This stuff is fascinating, isn’t it? I could do this all day . . . when I ought to be working! But I’m convinced there’s an answer for every “seeming” contradiction, if we only dig deep enough to find it. The fun’s in the digging!

Yes, it’s very interesting! I really like your explanation. So am I getting it right? You think they were really only slaves in Egypt for around 200 years? I’m sticking this page in my Bible, so I’ll remember it when the question comes up again.

When I see stuff like this, I always KNOW that God knows something I don’t, and that I’m getting it wrong. What freedom inerrancy gives us to dig and study and puzzle.


Exactly. They were slaves in Egypt for 215 years. It’s the only way the historical Pharaohs fit with what we know from the Bible, and it’s wonderful that the Bible does back this up . . . if you consider the Septuagint AND what Paul said. And it’s so, so exciting.

Look at: (Ruth 4:19-22)
Hezron the father of Ram, HEZRON is on the list of those who went into Egypt
Ram the father of Amminadab,
[20] Amminadab the father of Nahshon,
Nahshon the father of Salmon, Nashon is on the list of those who came out of Egypt
[21] Salmon the father of Boaz,
Boaz the father of Obed,
[22] Obed the father of Jesse,
and Jesse the father of David.

Okay—Hezron (son of Judah) went INTO Egypt with Jacob. (Gen. 46:12)

Now look at (Exodus 6:23)
Aaron married Elisheba, daughter of Amminadab and sister of Nahshon, and she bore him Nadab and Abihu, Eleazar and Ithamar.

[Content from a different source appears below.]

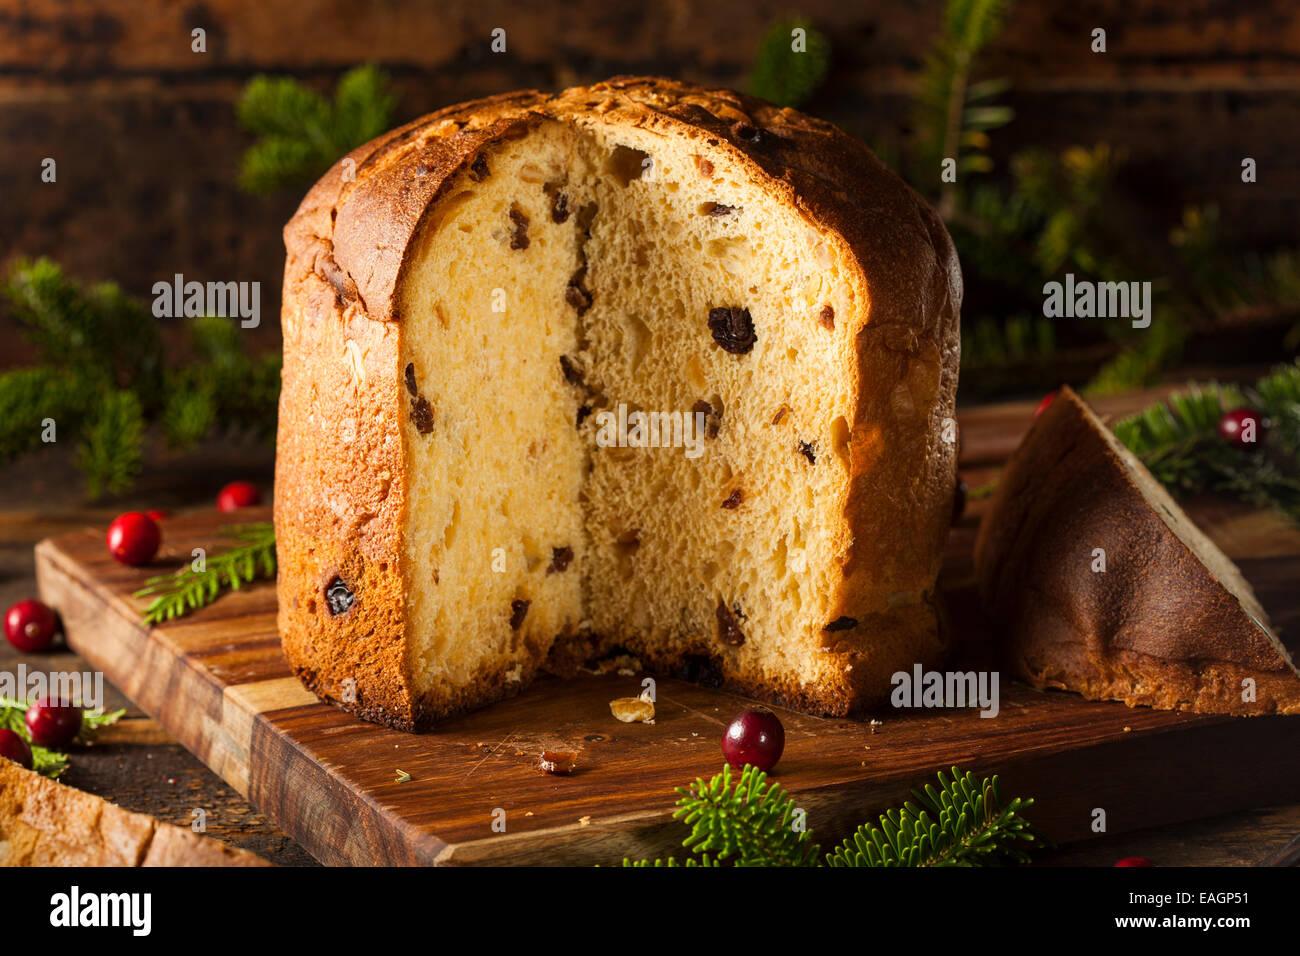 Homemade Panettone Fruit Cake Ready for Christmas - Stock Image

See what I mean? Aaron—MOSES’ BIG BROTHER—married a woman whose grandfather came into Egypt with Jacob! Plus, Nashon is one of the leaders of the people during the Exodus (Numbers 2:3). People weren’t living extra-long in those days, plus these generations had to overlap. We know Boaz and Jesse were well into the time Israel was living in Canaan. So this fits MUCH better with 200 years than with 430.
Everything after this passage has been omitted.